Direct Space Station I presume.


----------



## JM Anthony (Nov 16, 2003)

Go to AVSForum.com, our sister site and find the local OTA thread for your area, or major city close by and see what others are using. With luck, you may even find a neighbor who can share their solution with you.

Good luck!

John


----------



## Jim5506 (Jun 7, 2004)

Well you have at least 4 digitals to choose from.

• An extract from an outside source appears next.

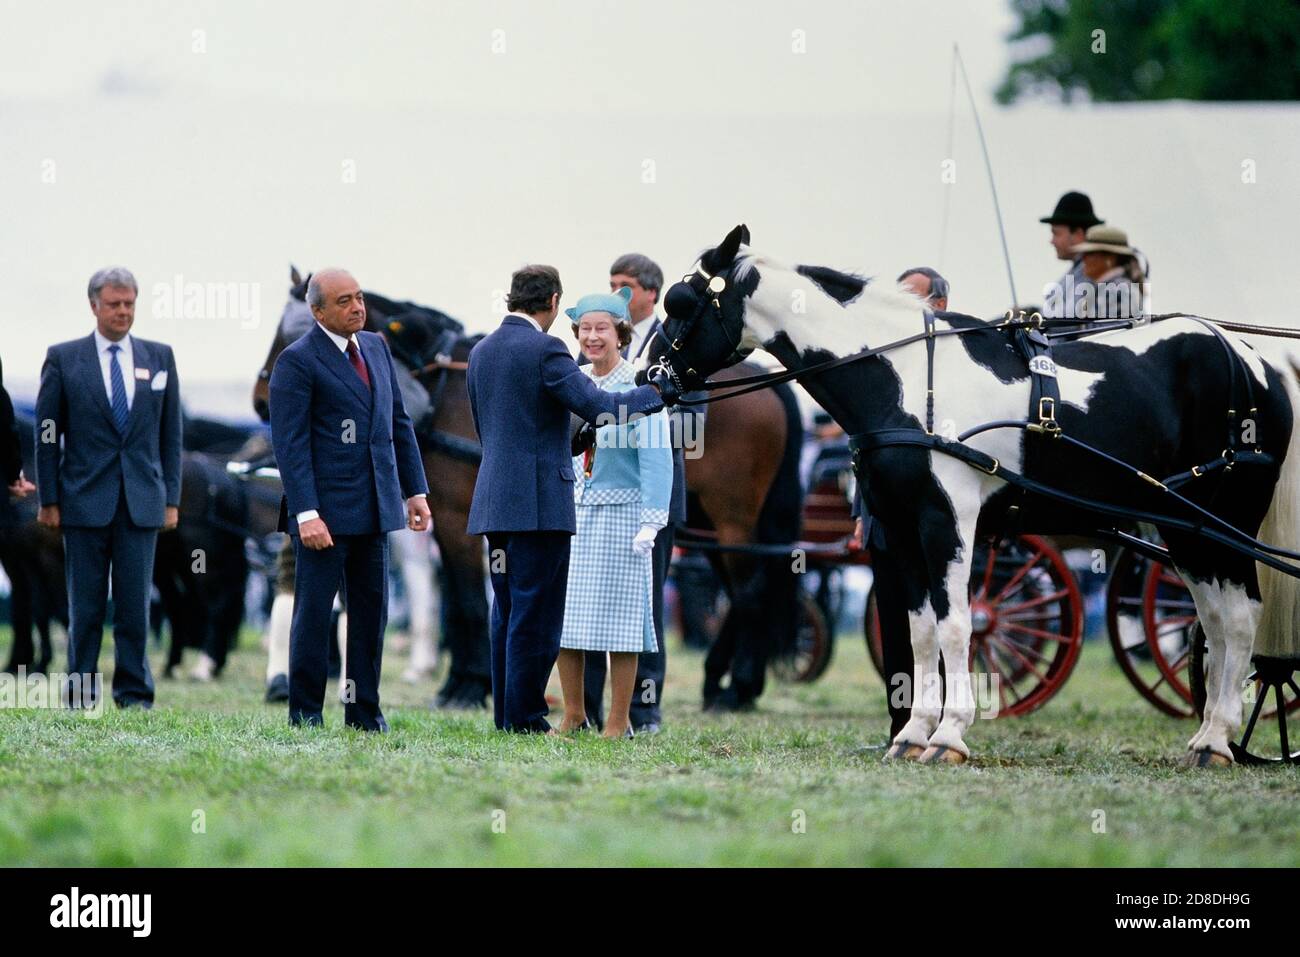 Une reine Elizabeth II souriante présentant des prix au spectacle de chevaux Winmor en compagnie de l'un des sponsors du spectacle, Mohammed Al Fayed, du magasin Harrods. M. Al-Fayed est le père de Dodi Al-Fayed. The Royal Windsor Horse Show, Berkshire, Angleterre, Royaume-Uni. 14 mai 1989 Banque D'Images
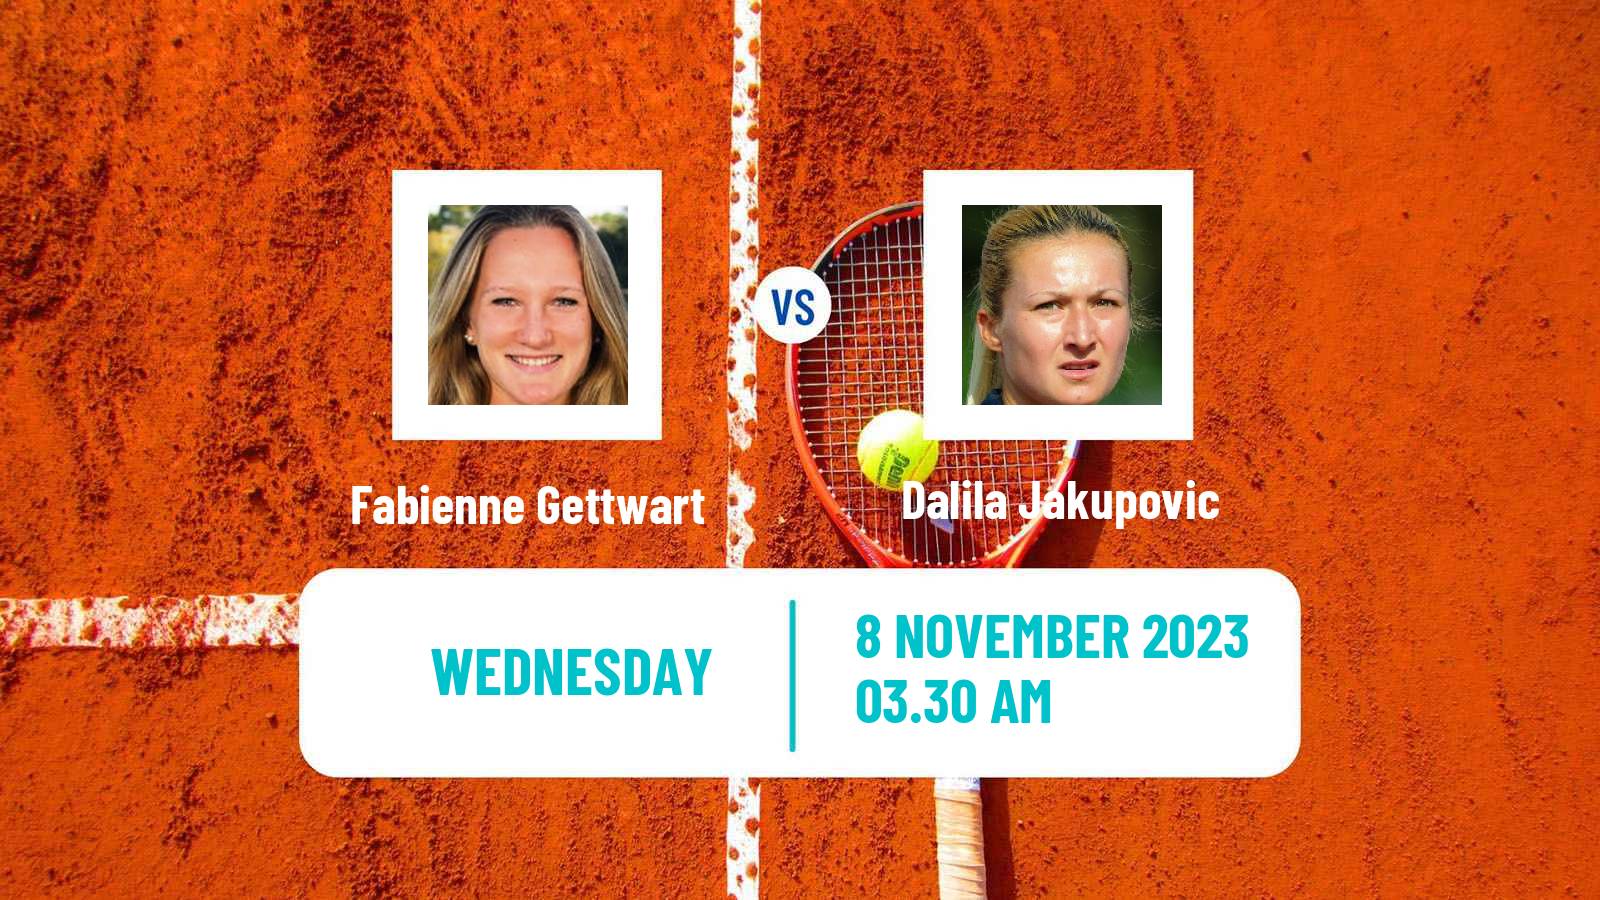 Tennis ITF W40 Heraklion 2 Women Fabienne Gettwart - Dalila Jakupovic

Ant Type Call Sign Chan Net City State Live Date Dir Dist Freq 
* yellow - uhf KJPX-DT 44 i JOPLIN-C MO Currently Not Available 314° 3.7 44 
* yellow - uhf KODE-DT 43.1 ABC JOPLIN MO 327° 2.9 43 
* yellow - uhf KOZJ-DT 26.1 PBS JOPLIN MO 327° 2.9 25 
* yellow - uhf KSNF-DT 46.1 NBC JOPLIN MO 313° 3.4 46 
* red - vhf KOAM-DT 7.1 CBS PITTSBURG KS 316° 16.5 13 
* violet - uhf KNWA-DT 50.1 NBC ROGERS AR Awaiting FCC Permit 206° 49.8 50 

Looks like active stations are NW. CBS from Pittsburg KS is <20 miles way but broadcasting at only 4 kW in ch 13. You need a meduim directional UHF/VHF antenna such as a Channel Master 3677 or the larger 3678. You might try the Radio Shack VU-90 XR.


----------



## magellanmtb (Nov 19, 2006)

I've had pretty good luck with the Terk Slimline antenna. Though it's an outdoor antenna, I have it located in the attic and pull in all the local station wiht my H20 and I'm 38 miles from the empire state building


----------



## jacobsdad30 (Dec 13, 2006)

Model # 15-2186 working just fine. It is mounted outside about 10 feet off the ground. I had a Terk slimline non amplified that did not work worth a crud! I guess size does not matter with off air HD signal antennas. I even had both antennas rotated the same direction. What a difference the correct one has made.


----------